From the Guidelines
Medicare covers annual wellness visits, which include certain lab tests.
Covered Laboratory Tests
The covered labs for annual wellness visits are:
- Lipid panel (every 5 years)
- Blood glucose test (for patients with risk factors for diabetes)
- Colorectal cancer screening (for patients 50-75 years old)
- Mammogram (for women 40-74 years old, every 2 years)
- Pap test and pelvic exam (for women 21-65 years old, every 3 years)
- Prostate-specific antigen (PSA) test (for men 50-74 years old, every year)
- Bone mass measurement (for women 65 and older, and for men with risk factors for osteoporosis) as stated in various guidelines 1. Additionally, Medicare covers other preventive services, such as vaccinations, including influenza, pneumococcal, and hepatitis B vaccines, as well as screenings for depression, alcohol misuse, and cognitive impairment 1. It's essential to note that these services are covered only when provided by a healthcare provider who participates in Medicare.
From the Research
Laboratory Tests Covered by Medicare for Annual Wellness Visits
The provided studies do not explicitly list the laboratory tests covered by Medicare for annual wellness visits. However, the following points can be inferred:
- The Medicare Annual Wellness Visit is an annual preventive health benefit that provides an opportunity for clinicians to review preventive health recommendations and screen for geriatric syndromes 2.
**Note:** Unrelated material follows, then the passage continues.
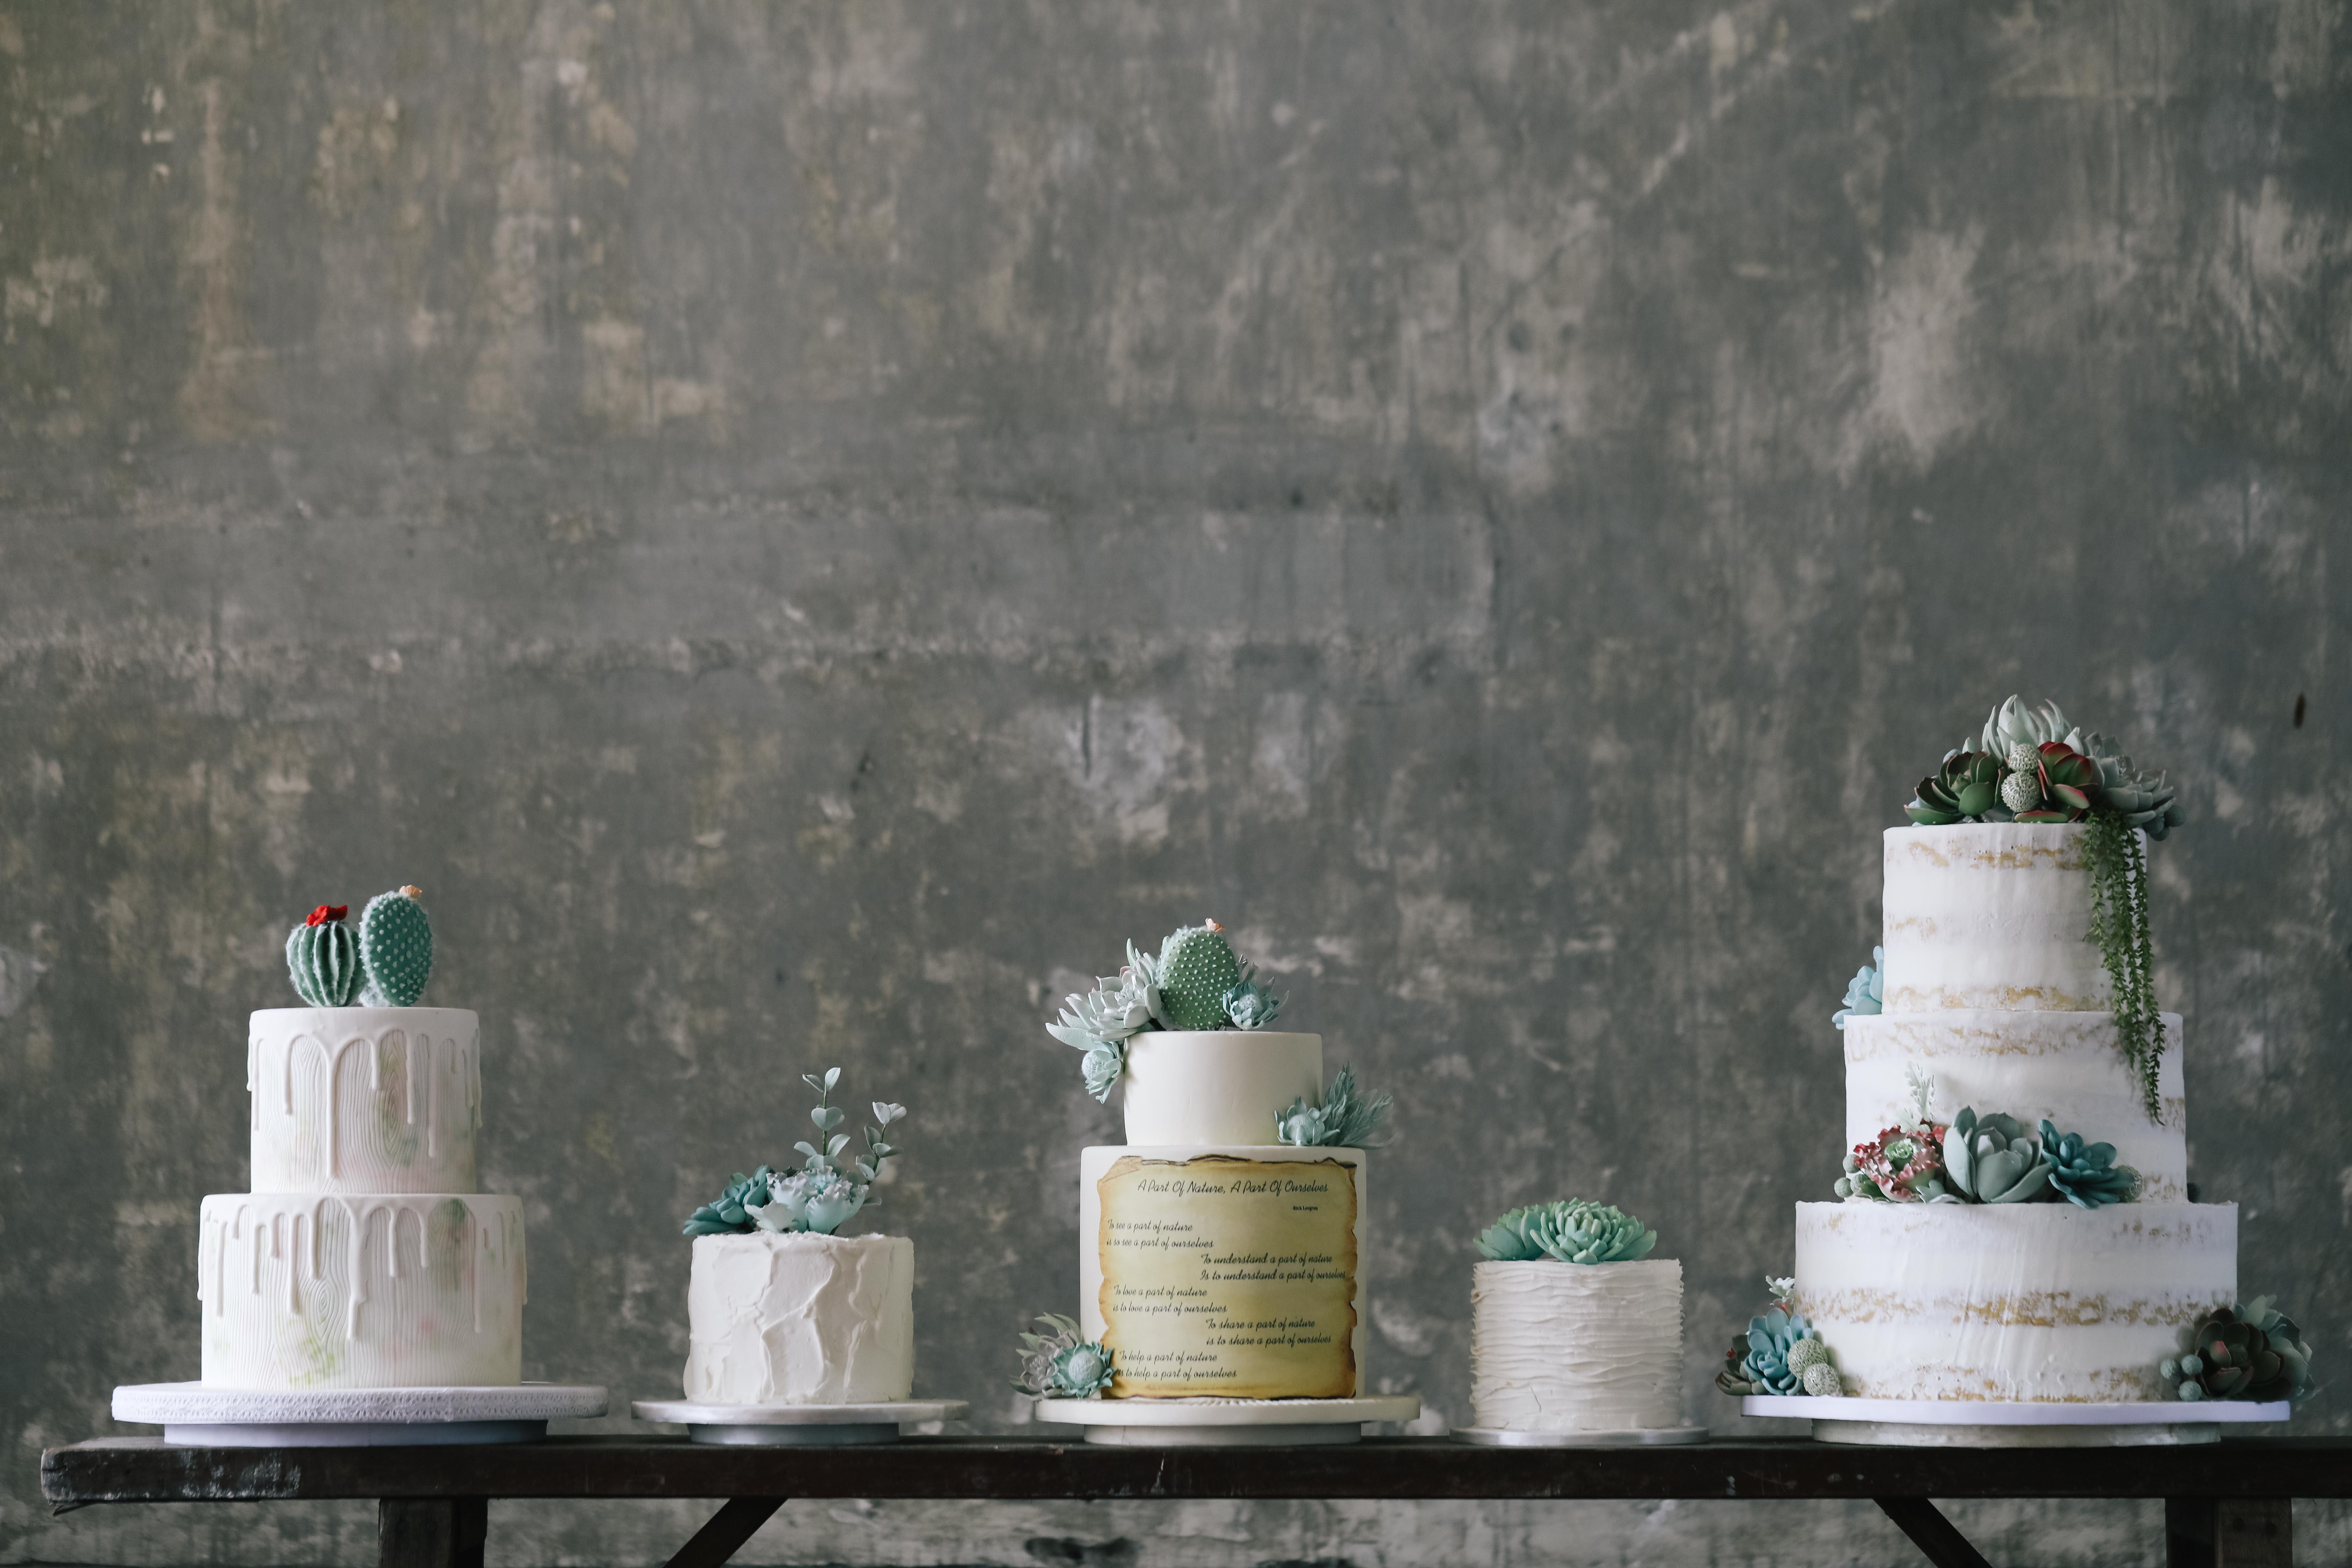 4 Wedding Cake Decoration Ideas for a Personalized Wedding Image 1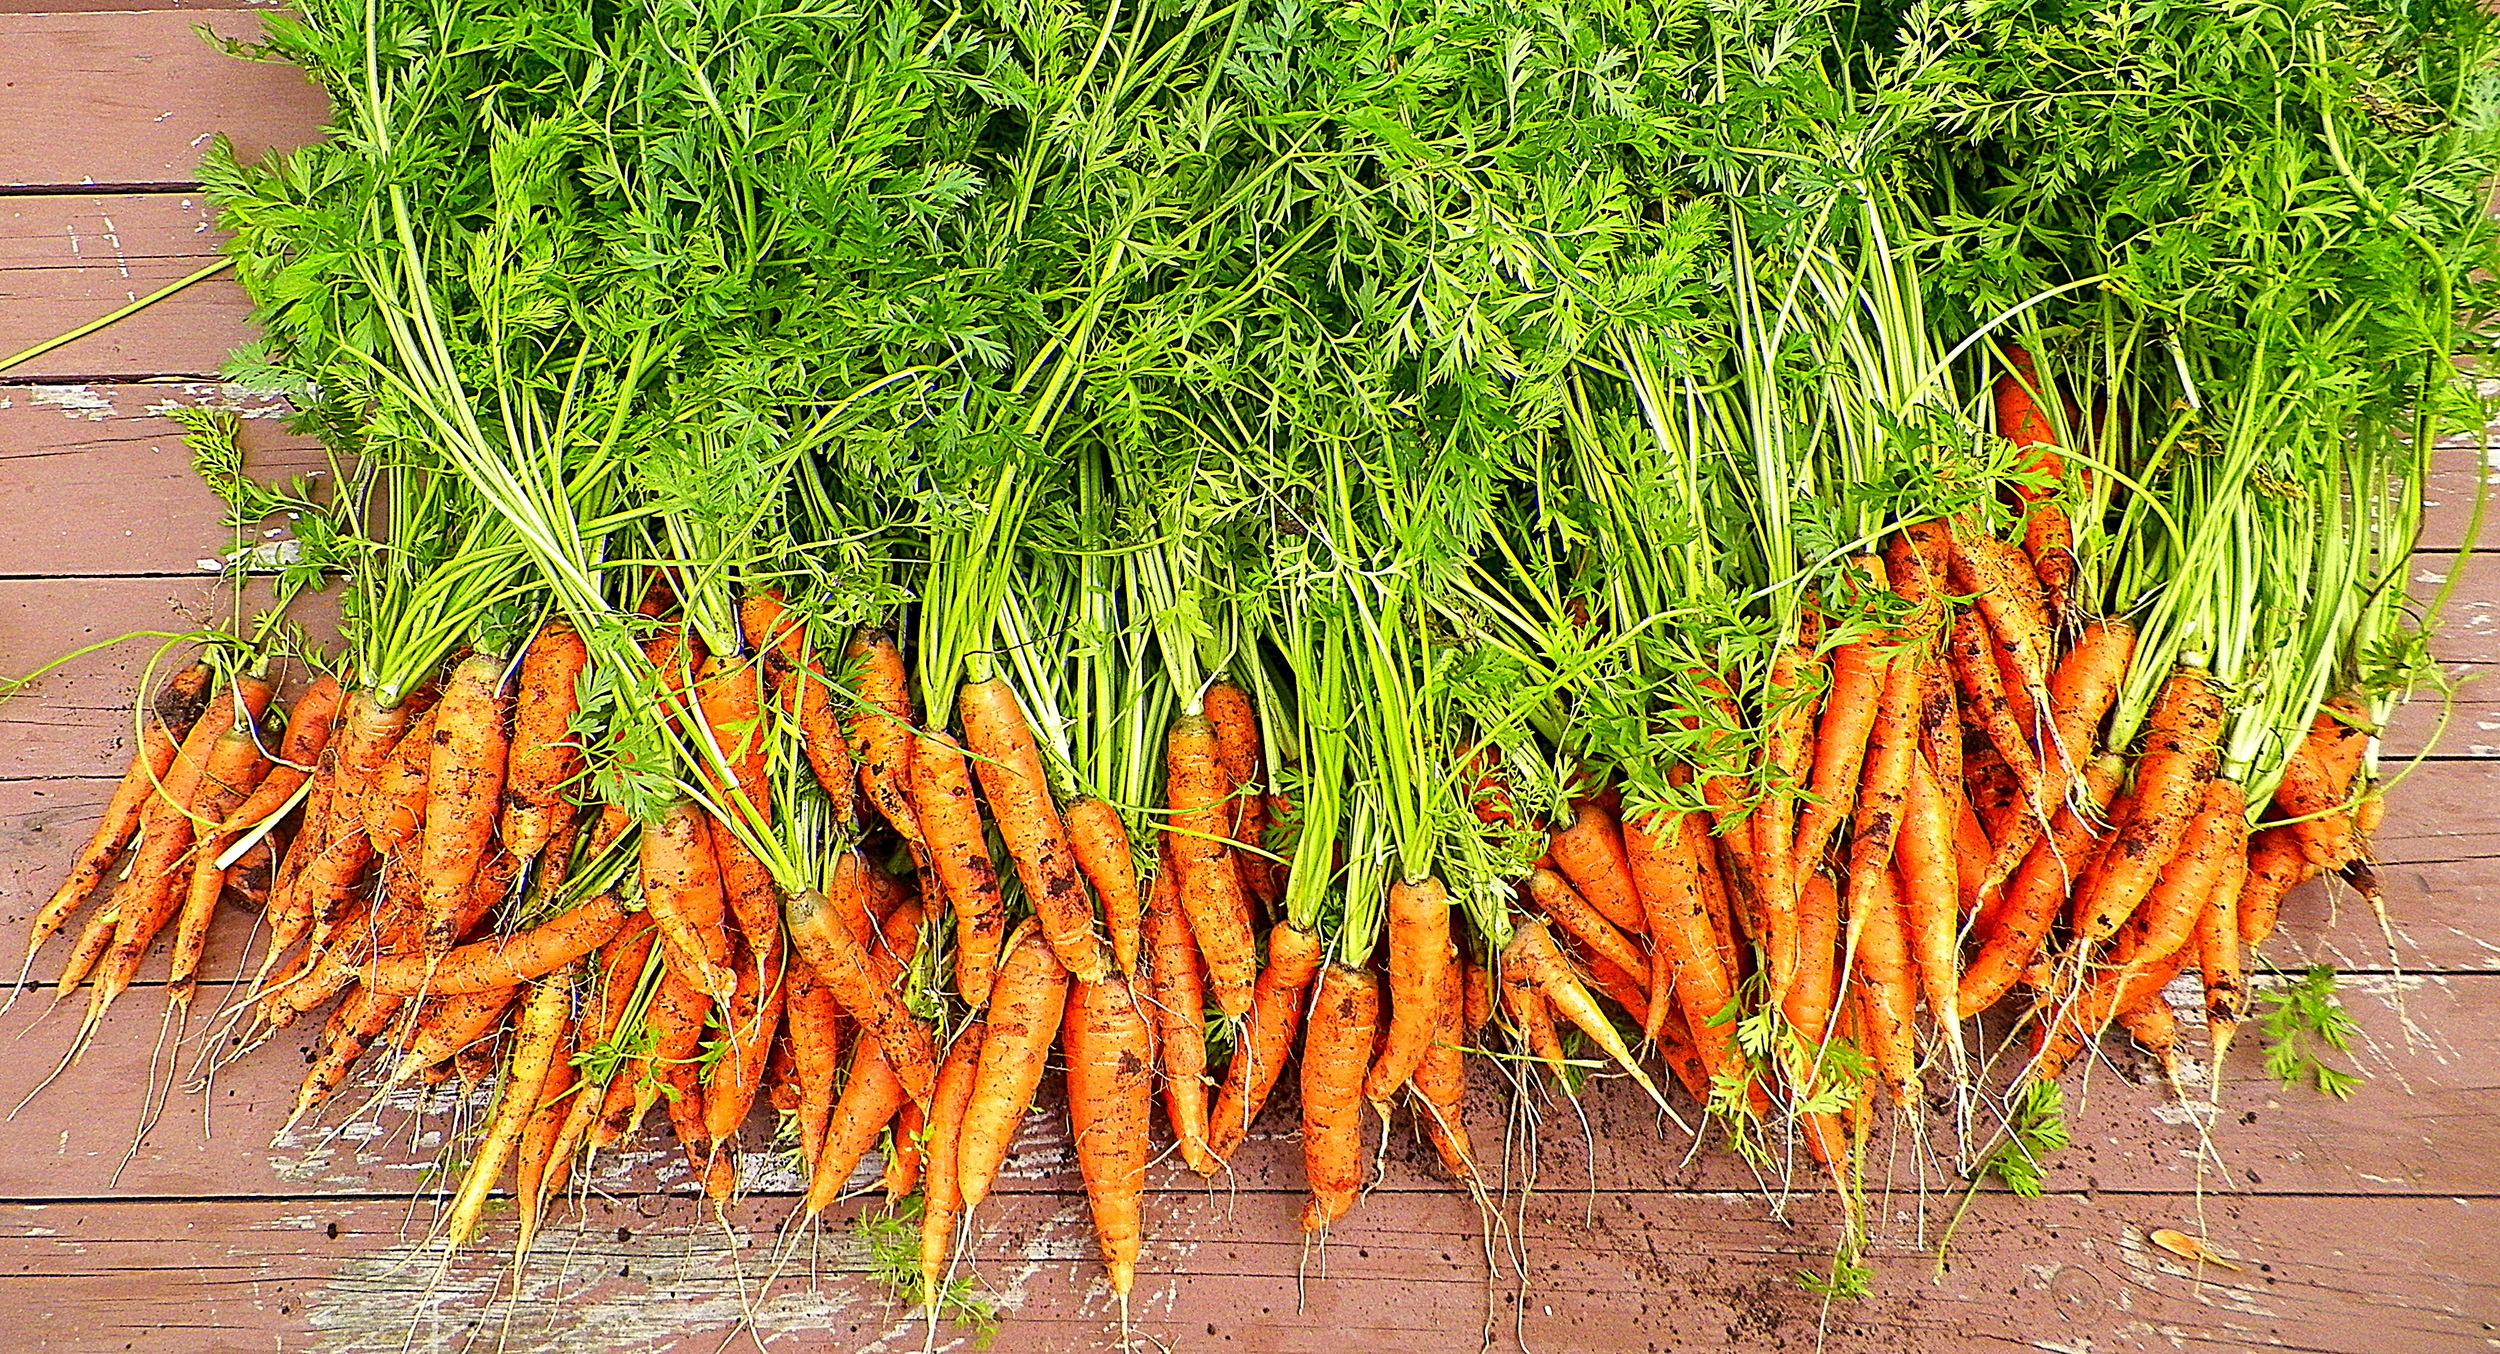 Carrots - Short&Sweet and Scarlet Nantez.

- The visit includes detection of cognitive impairment, which may involve structured cognitive assessments 3.
- The Centers for Medicare and Medicaid Services (CMS) has set requirements for the Medicare Annual Wellness Visit, but the specific laboratory tests covered are not mentioned in the provided studies 4.
- The studies focus on the adoption, value, and utilization of the Medicare Annual Wellness Visit, as well as the variability in assessments and tools used during the visit 5, 4, 6.
Key Findings
- Approximately one-half of Medicare beneficiaries surveyed reported having an annual wellness visit, and fewer than one-third reported having a structured cognitive assessment 3.
- Medicare Advantage enrollees were more likely to report having an annual wellness visit and a structured cognitive assessment compared to fee-for-service enrollees 3.
- Primary care providers with the highest acuity patients had lower AWV utilization rates, and utilization rates were lower in rural counties 6.